Wednesday, November 22, 2006

franks giving...

umm...

all pics taken courtesy of girlhattan who is much better at this kinda thing...

you'd be better off not reading this entry everybody.

sorry i haven't updated this in a week peepee. (does anyone else even read this?)

been a bit nuts. nothing very funny to write about, butt i'll get that spark back soon. promise. but here is minor midlife crisis...

work-

so at the age of 34 it is a bit difficult to come to terms with work. last week i was interviewing this guy to be a peer or superior or whatever. within minutes i could see that this guy was like 10x the guy that i am. now i've been doing what i've been doing for like 10 years now... even if i'm not that passionate about it, one should have a certain sense of pride to want to do their job and do it well. and again, even though i'm not passionate about it- 10 years dude. if i wasn't learning all i could then it equates to a waste of time and it very bad to look back and think you've wasted 10 years of a precious life.

it has been the vehicle for money and i have been performing quite regularly and so that's all good, butt i don't wanna be just that normal guy. also the company i work for has some of the most beautiful people i have ever met in my life and in the 6 years i been with them they have been so good to me and been a family. you would think that i would've tried a lot harder for people that i say i love and care about.

women-

erilistoelpollo the beautiful spirit and i are no longer an hot ticket because i am too picky and can't compromise for anyone for shit. not too worried but getting a little scared now that no one seems to be holding my interest for more than a week. am i too picky? am i too jaded? am i too arrogant to not comproise and inch? who am i to expect everyone to conform to me?

crazy drama last saturday maybe it's fiction.

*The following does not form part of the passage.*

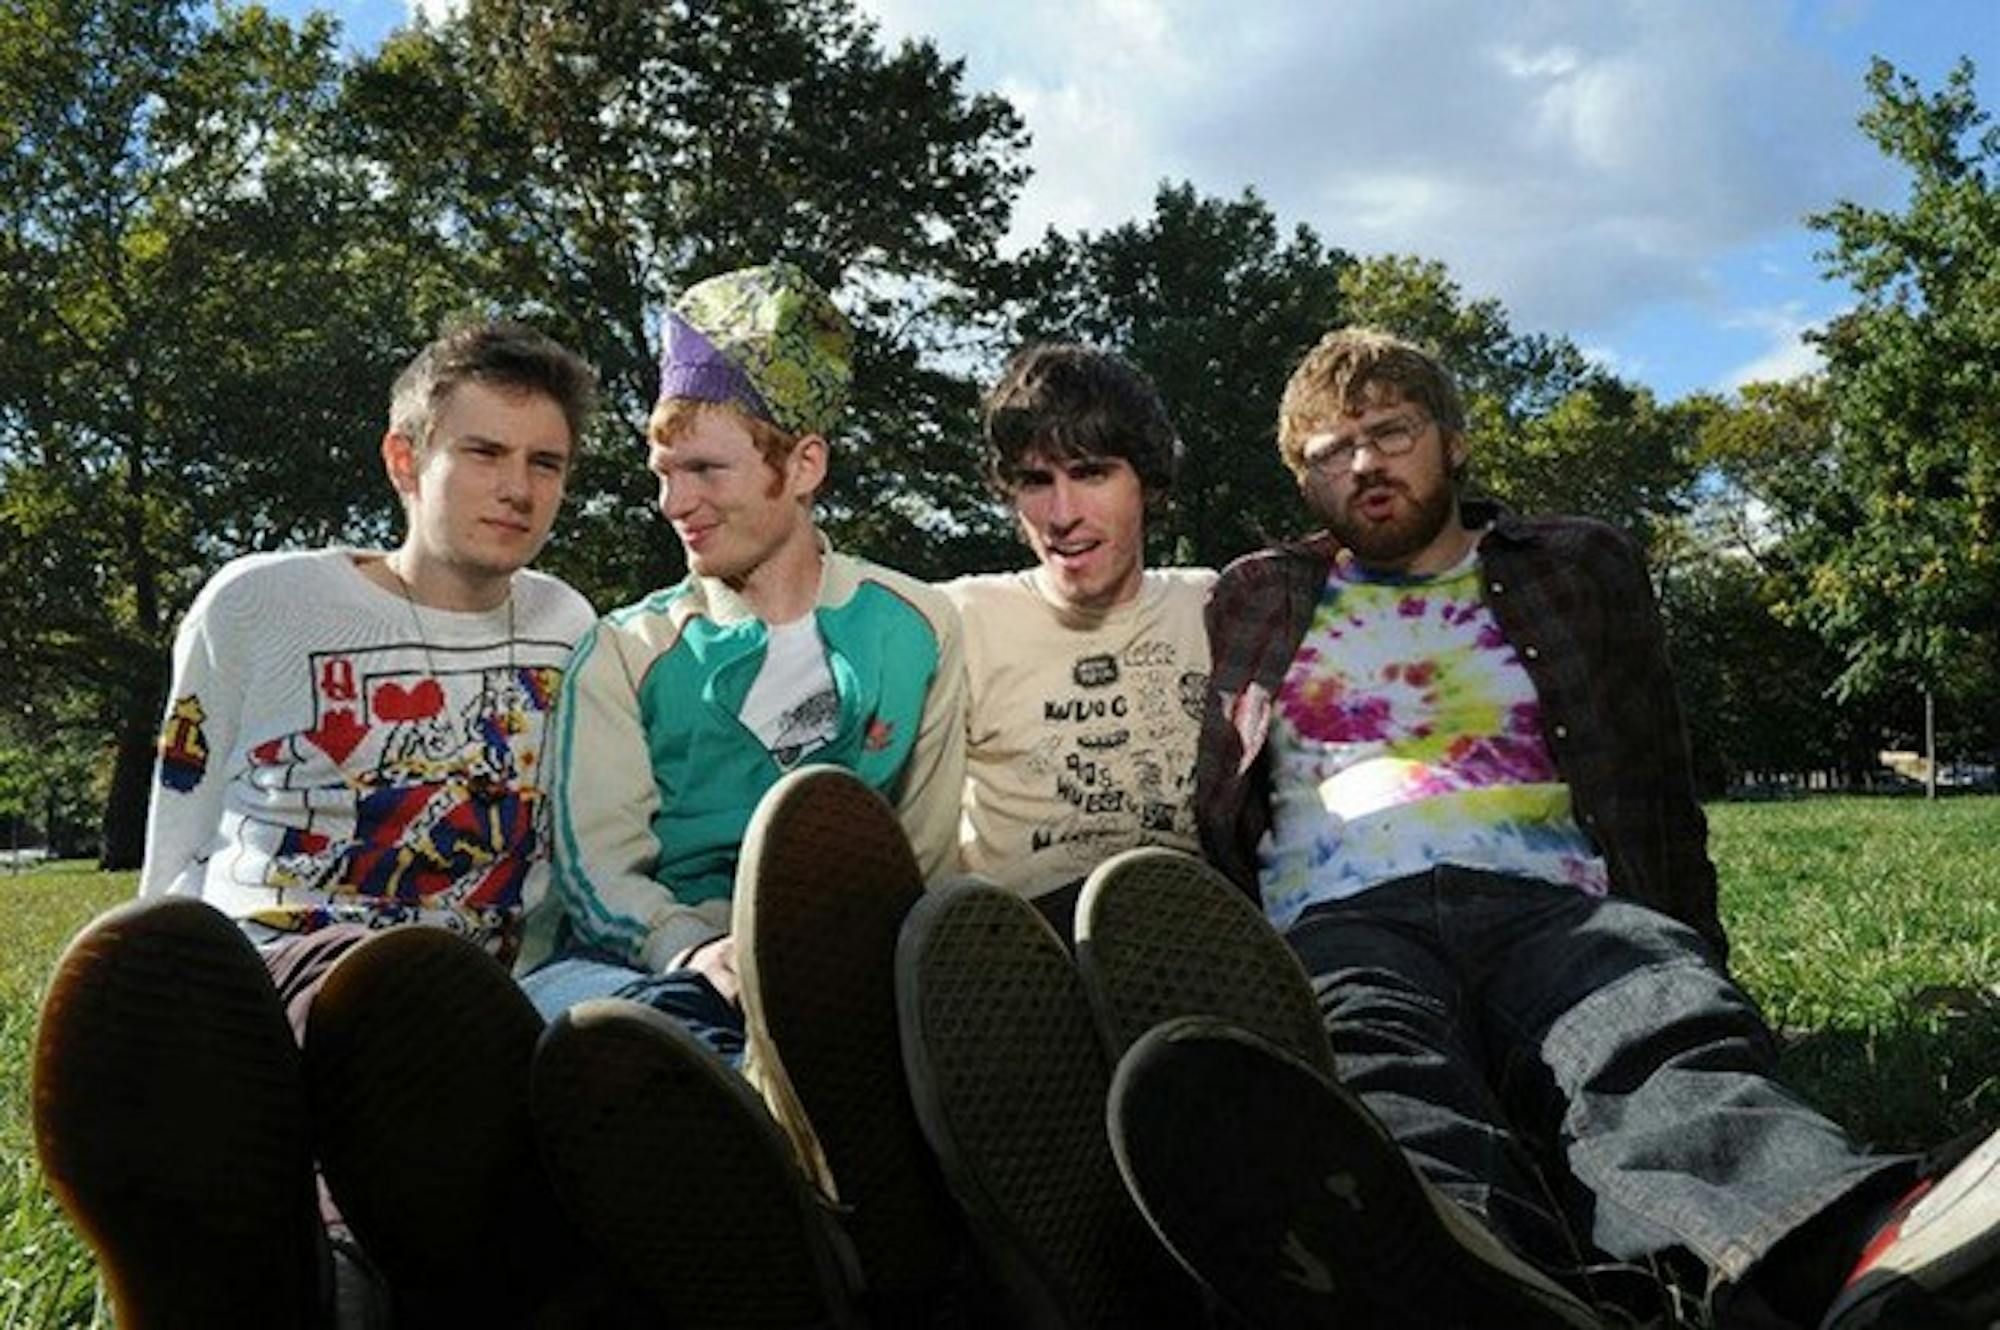 Reptar, which includes Ryan Engelberger '12 (far right), has played at music festivals across the country.

started out with a very pleasant brunch with girlhattan of eggs hussard at mcnally's spot in the LES. looked like eggs benedict with syrup so i got it. it was actually mushroom sawce...

then the crazy drama

so bambi and i are shopping resumes after we agreed not to see each other, but he really wanted to see me for 5 minutes and i agreed. we're in one of my friend's restaurants where we are shopping around her resume and then all of a sudden grizzly comes in disheveled about how empty she has been feeling. i run out to console her and tell her to calm down and go to her room and i'll be there in 20 minutes. i tell bambi that i can help her bring her resumes to two more places butt then i gotta go comfort my friend. he gets all upset and says you're gunna leave me for him? i thought you said you were busy this weekend!??! i said, dude! did you see her? she's beside herself and i need to see what's wrong with my friend's when they're in trouble. if a friend is crying i will always follow up! then bambi ran off and said, okay look! look! i'm crying now, you gunna comfort me or him?!?! dude! i'm the drama queen... i want to be the one that's crying!

just kidding...

dude..

i had just spent two months with pollo and it was really nice. super fun and sweet and gorgeous, butt it didn't feel right. i was chasing her thinking... if i let him go it will really be over. this is not how it should end and she deserves better, but i can't just continue to see her and be friends because well... you know. it's difficult.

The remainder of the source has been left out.